Project Title: Supervised Machine Learning Fundamentals - Explanatory and Predictive Modeling of Travel Insurance Data
This project analyzes travel insurance data to understand the factors influencing the purchase of a Travel Insurance Package. It involves data preprocessing, exploratory data analysis (EDA), statistical modeling, and machine learning techniques to develop predictive models for this classification task.
The primary objective is to identify business opportunities for the travel insurance package, specifically targeting customers who are likely to purchase the product.
Moreover, the project aims to:
- Explore the relationships between customer features.
- Perform statistical inference on the customer dataset.
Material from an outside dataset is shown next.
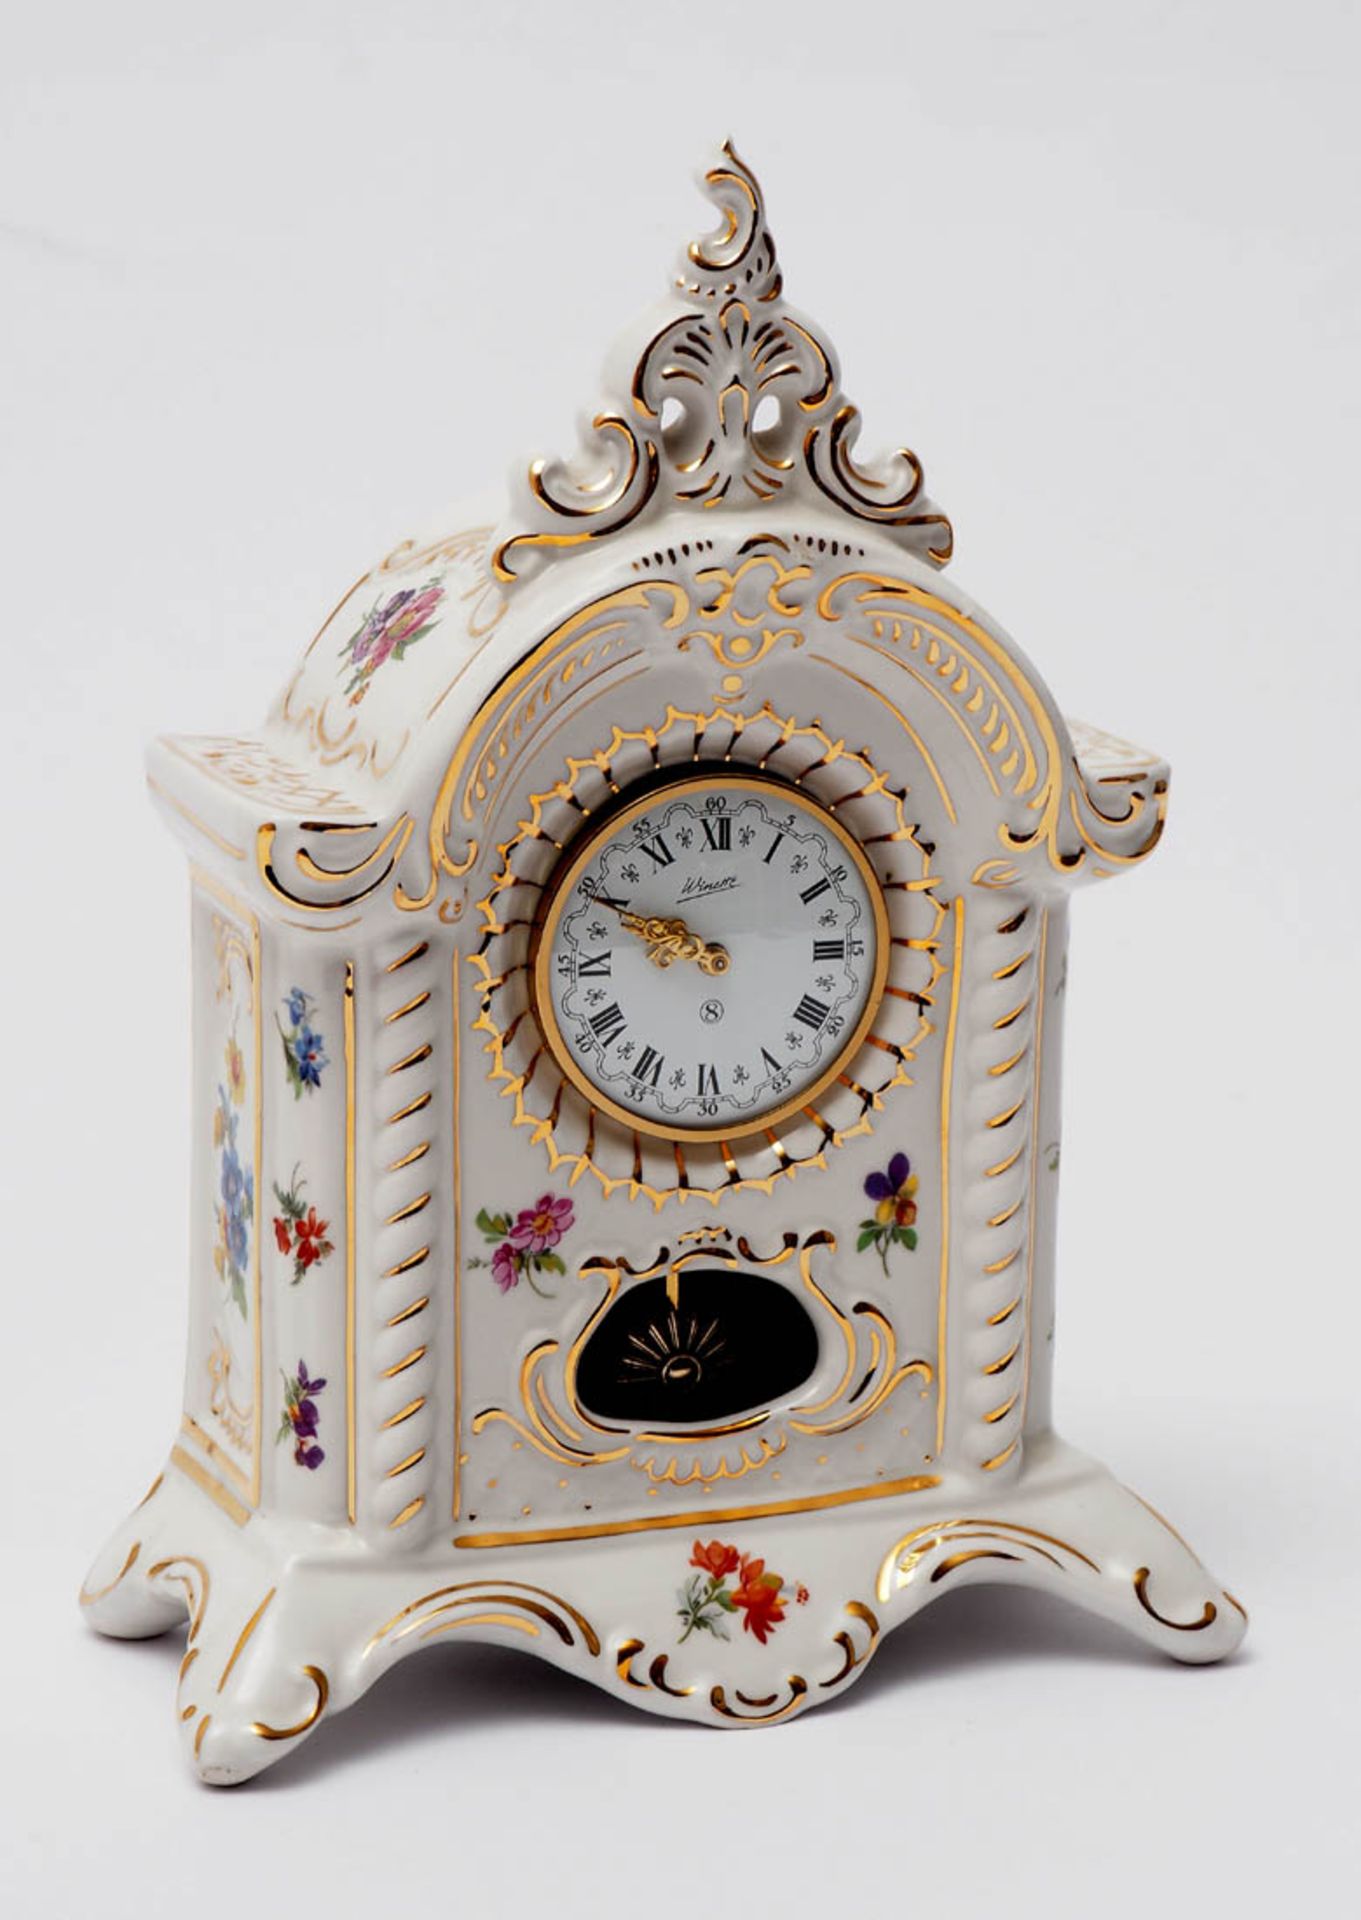 Tischuhr, Dresden Hochrechteckiges Porzellangehäuse mit Bekrönung, polychromem Blütendekor und
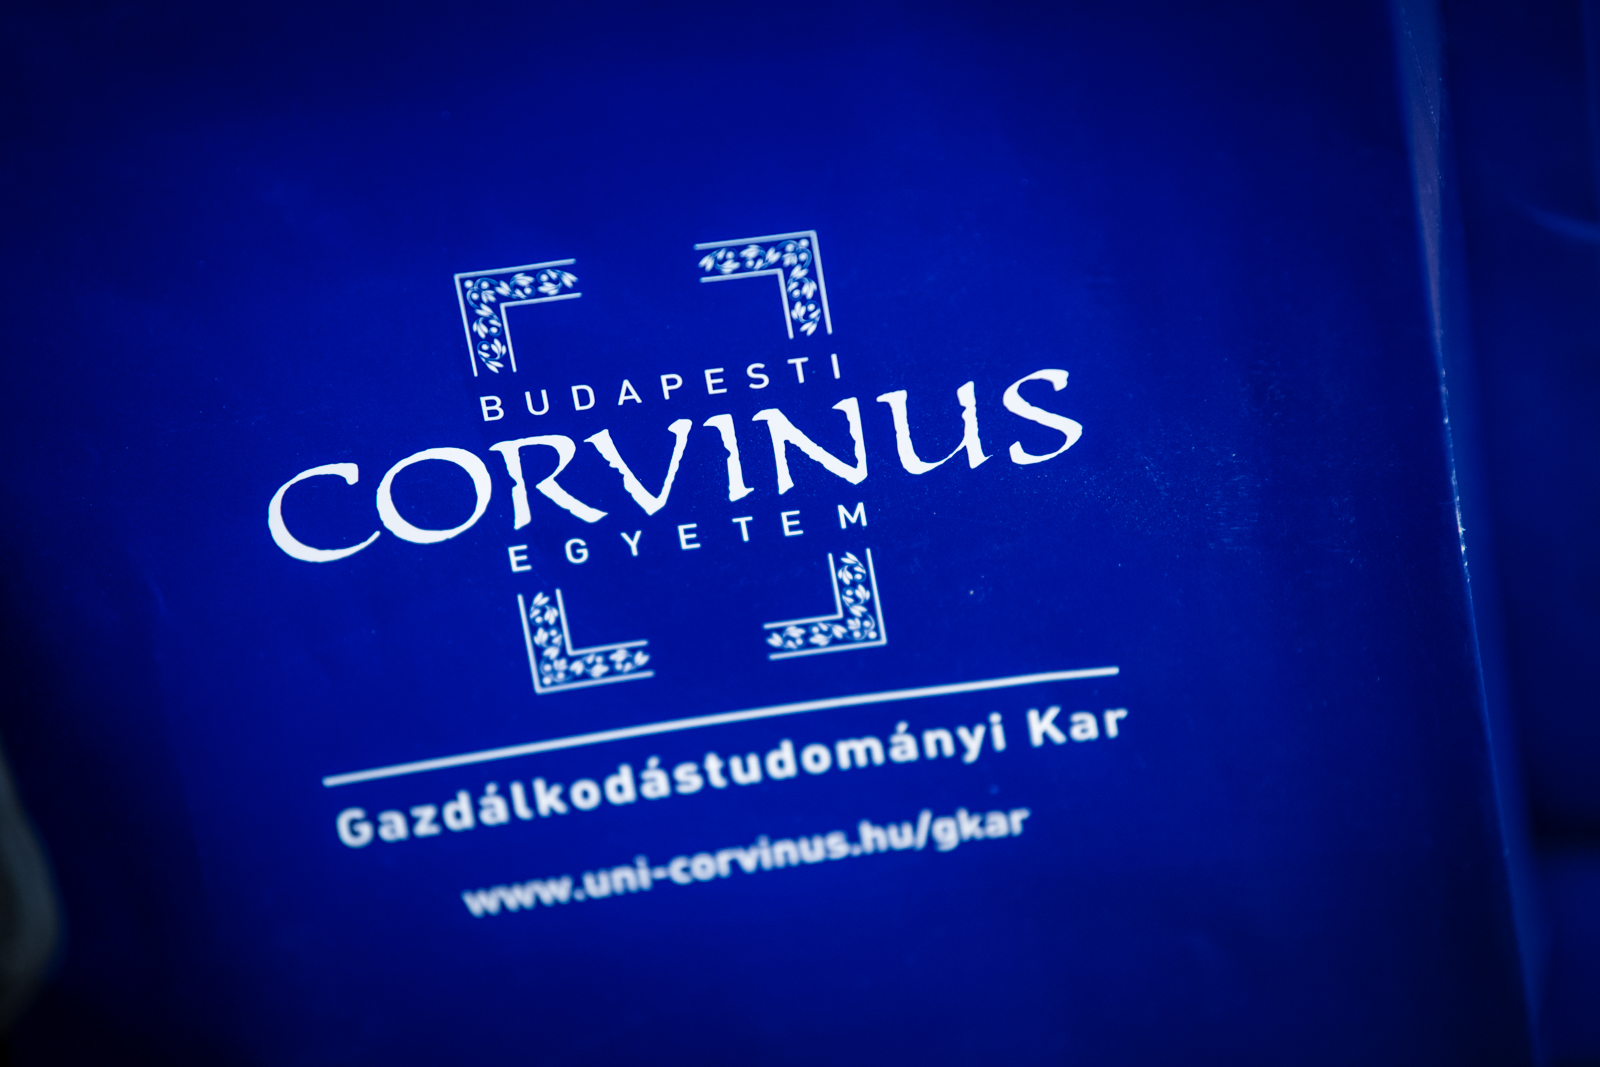 Turizmus és vendéglátás alapszak is indul a Corvinus Székesfehérvári Campusán

- Identify the most significant predictors of Travel Insurance Package purchase.
- Build multiple machine learning models to provide the best prediction for Travel Insurance Package purchase.
- The most important features to predict Travel Insurance Package purchase are especially Income and if a customer ever travelled abroad before.
- But also Age, number of family members, and if a customer is a frequent flyer are important features, as discovered in correlation analysis and logistic regression analysis.
- The Random Forest with hypertuning performed the best among the tested and validated machine learning models
- This model could reach on a hold-out test data set an accuracy score of 0.844 and a very impressive precision score of 0.988.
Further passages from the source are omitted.